* About this task *
Would you copy the listing below exactly, keeping the pictures out?

* Collected material *
--*--
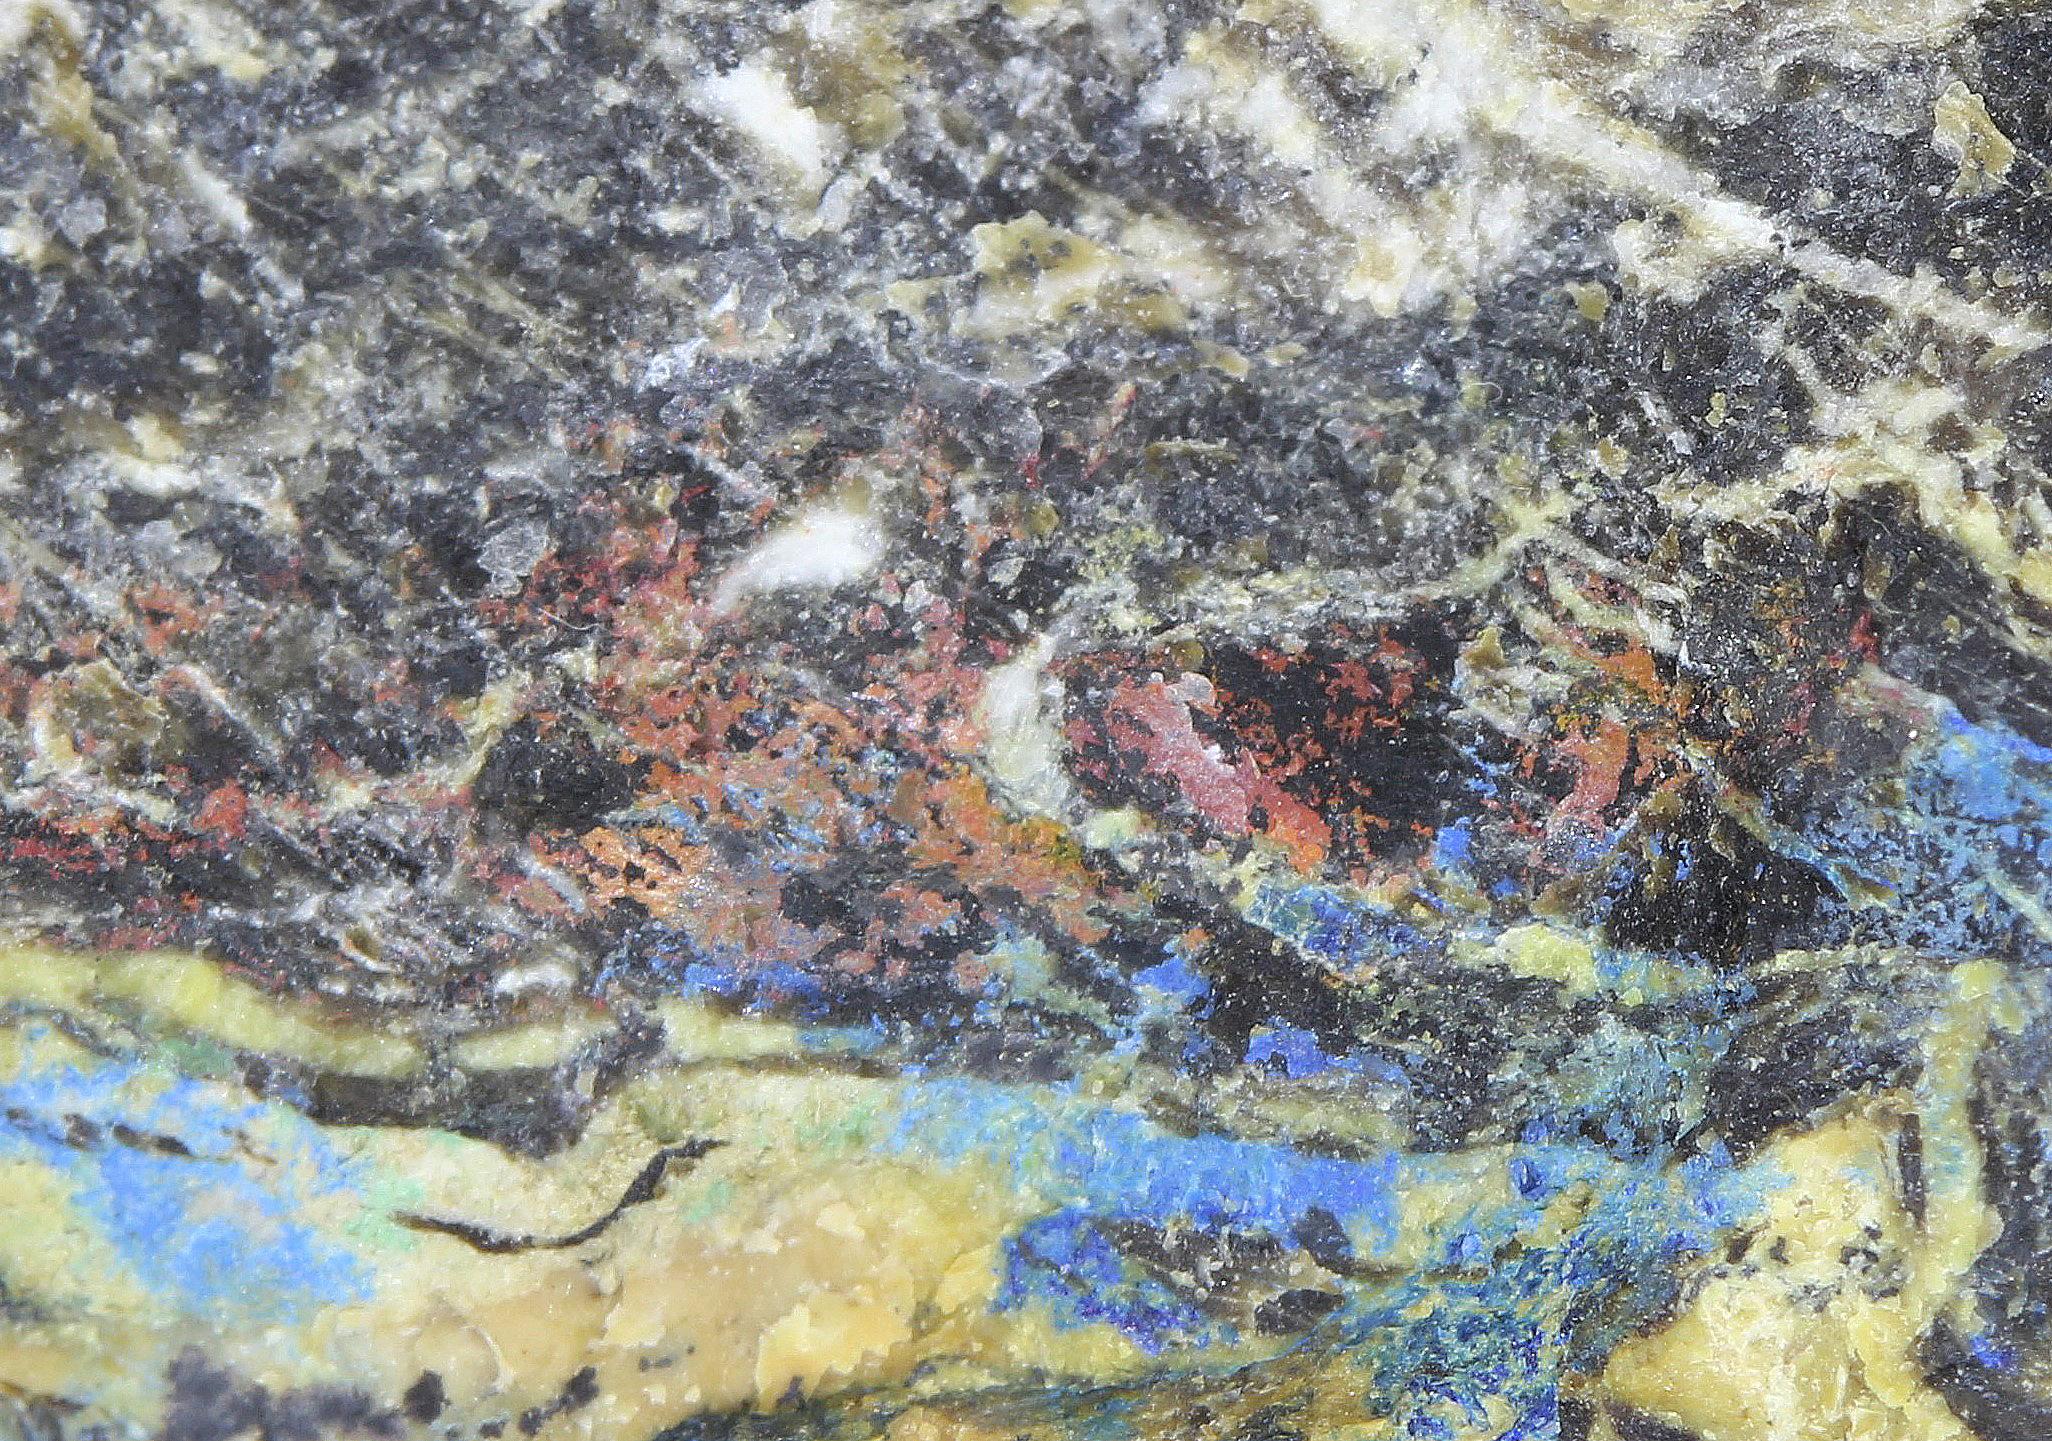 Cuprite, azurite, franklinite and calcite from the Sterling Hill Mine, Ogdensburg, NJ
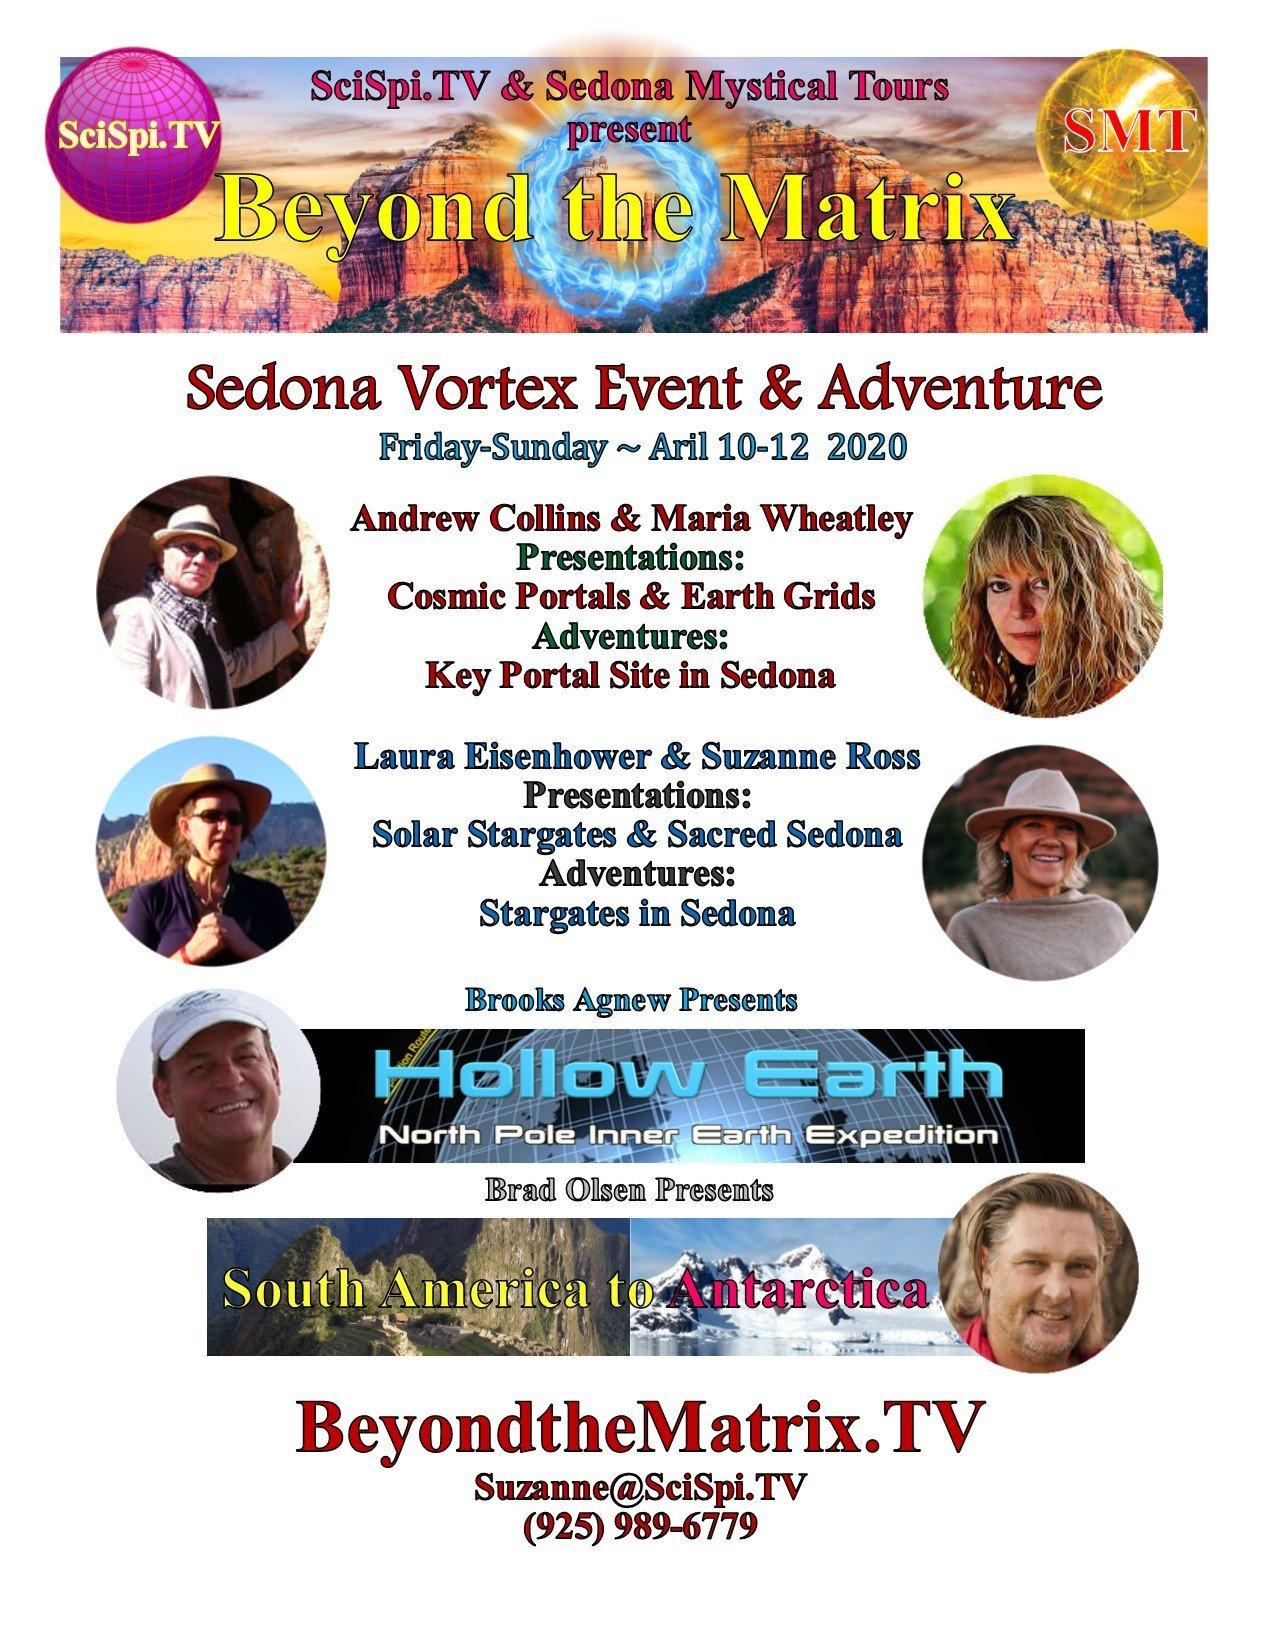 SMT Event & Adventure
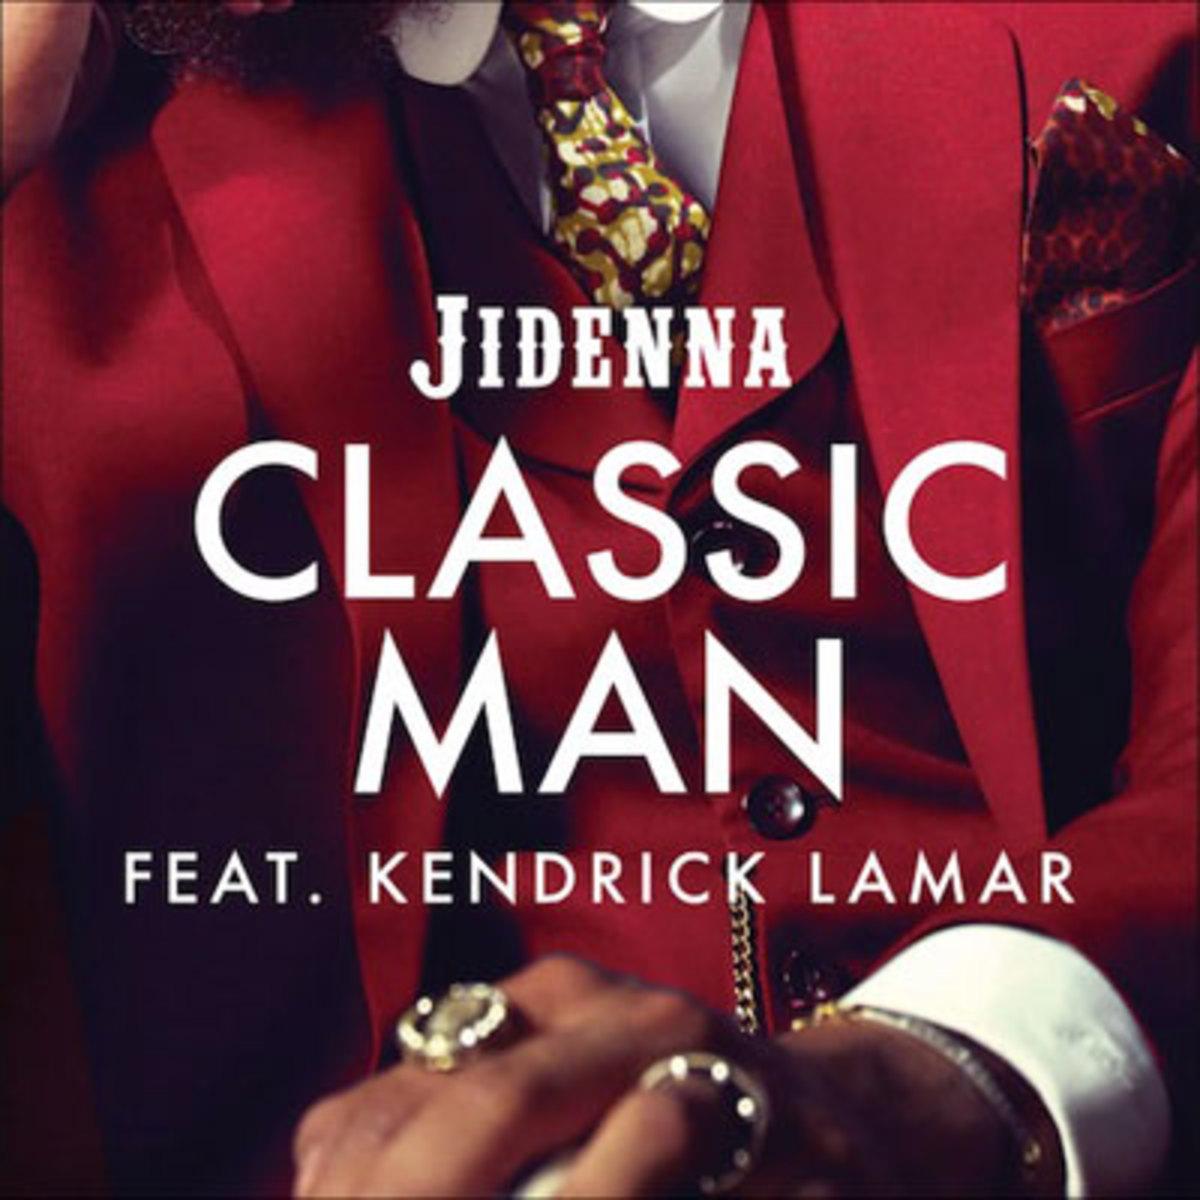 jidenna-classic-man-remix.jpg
--*--
* Exercise response *
 Cuprite, azurite, franklinite and calcite from the Sterling Hill Mine, Ogdensburg, NJ
 SMT Event & Adventure
 jidenna-classic-man-remix.jpg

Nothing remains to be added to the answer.